Secondly, while molfiles are our definitive structures and we use standard InChIs to determine uniqueness we see many examples where, as we convert between formats (molfiles, smiles, InChIs) we introduce inconsistencies. This is of course a well-known problem. There are ongoing discussions and initiatives to develop open structure formats and extend InChIs to deal with some of these cases but my sense is this is a long way off.

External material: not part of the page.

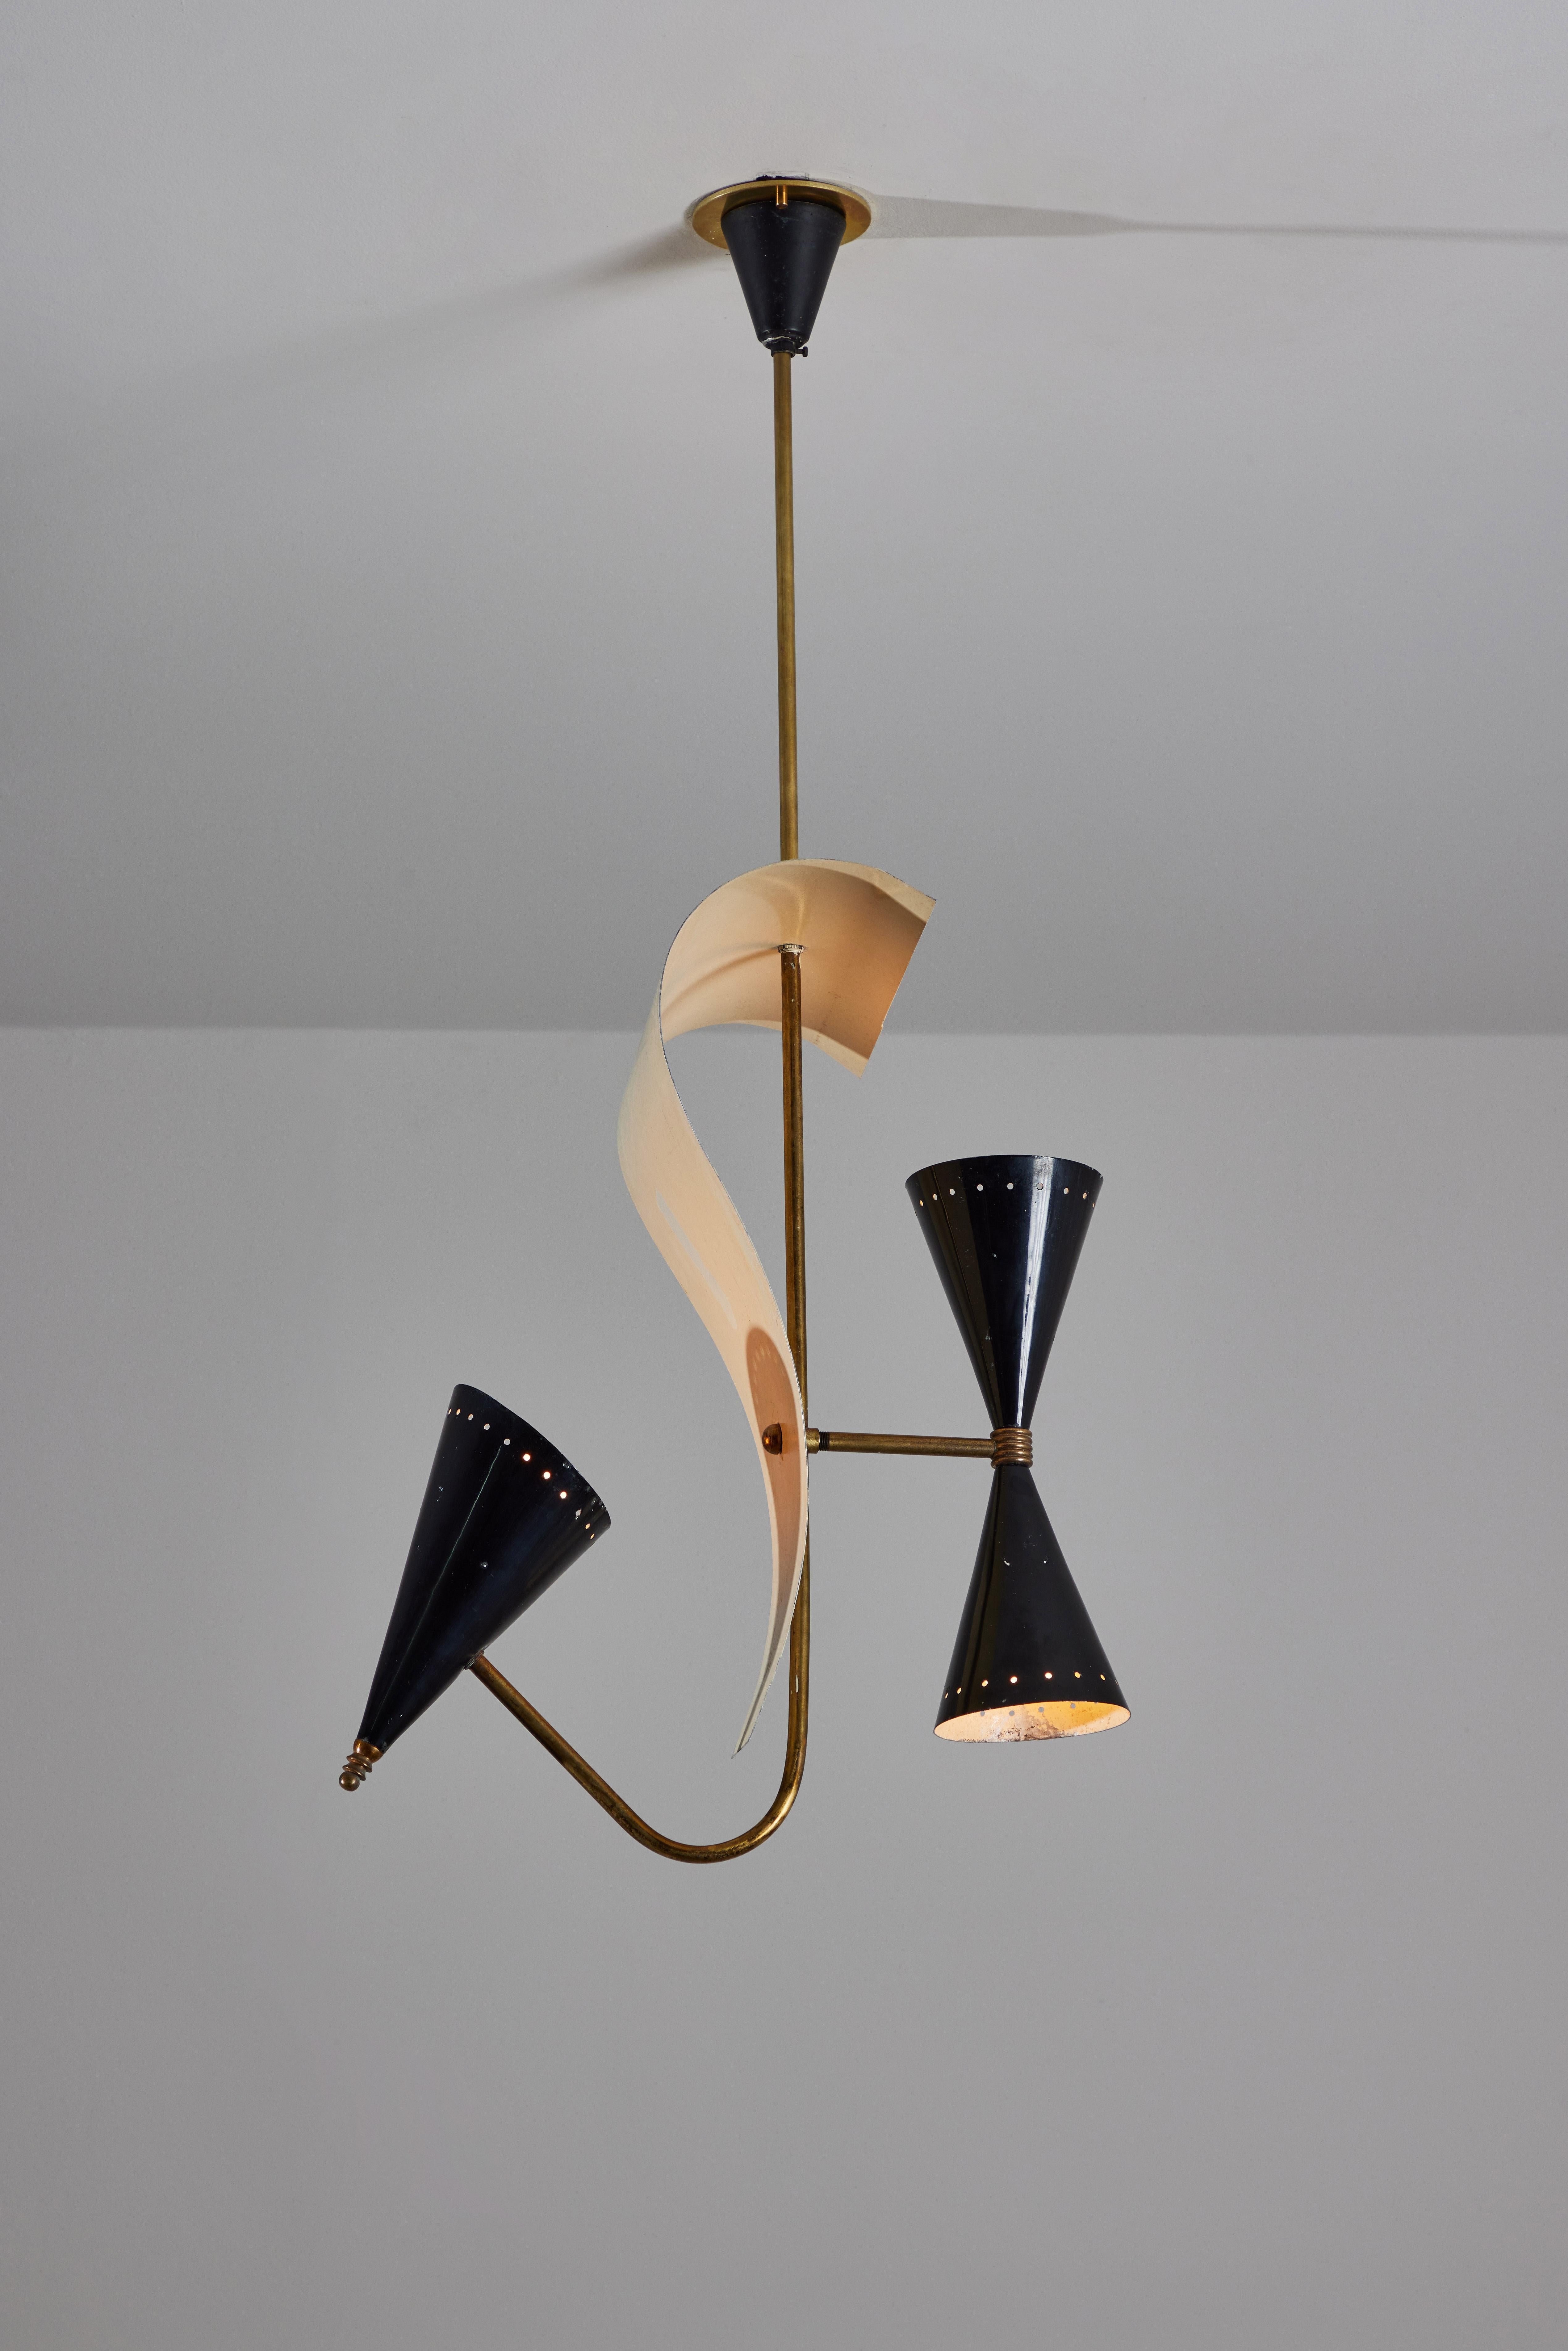 Ceiling light by Gilardi & Barzaghi. Designed and manufactured in Italy, circa 1950s. Enameled metal, brass, custom brass ceiling plate. Rewired for U.S. standards. We recommend three E14 40w maximum bulbs. Bulbs provided as a onetime courtesy.

Lastly, and what seems like an insurmountable problem, we are constrained by the method we use to represent chemical structures. We, at ChEMBL, like many people, use version 2000 molfiles (ref 1). There is no doubt that using v3000 molfiles would solve a number of these problems but it would be very time consuming and costly to do the conversion and therefore probably only feasible for a limited number of ChEMBL structures such as the drug molecules. We are considering this as a long term goal but it would need a wider community buy in to make it worthwhile.  However, we also suspect that many of our users also only use the older molfile version so providing the v3000 format wouldn’t help them. We would be interested in your feedback on which format you use though. Most of the resources we exchange data with (e.g. PubChem, BindingDB) also use v2000 molfiles. There is no doubt that different resources find their own way to cope with the limitations of the file formats and we do too. For example, it would be possible to use non-standard extensions of the datafields in the sd file to indicate this but it would lack real chemical awareness. Also, how one group chooses to use this won’t necessarily be consistent with another group so we are no further forward.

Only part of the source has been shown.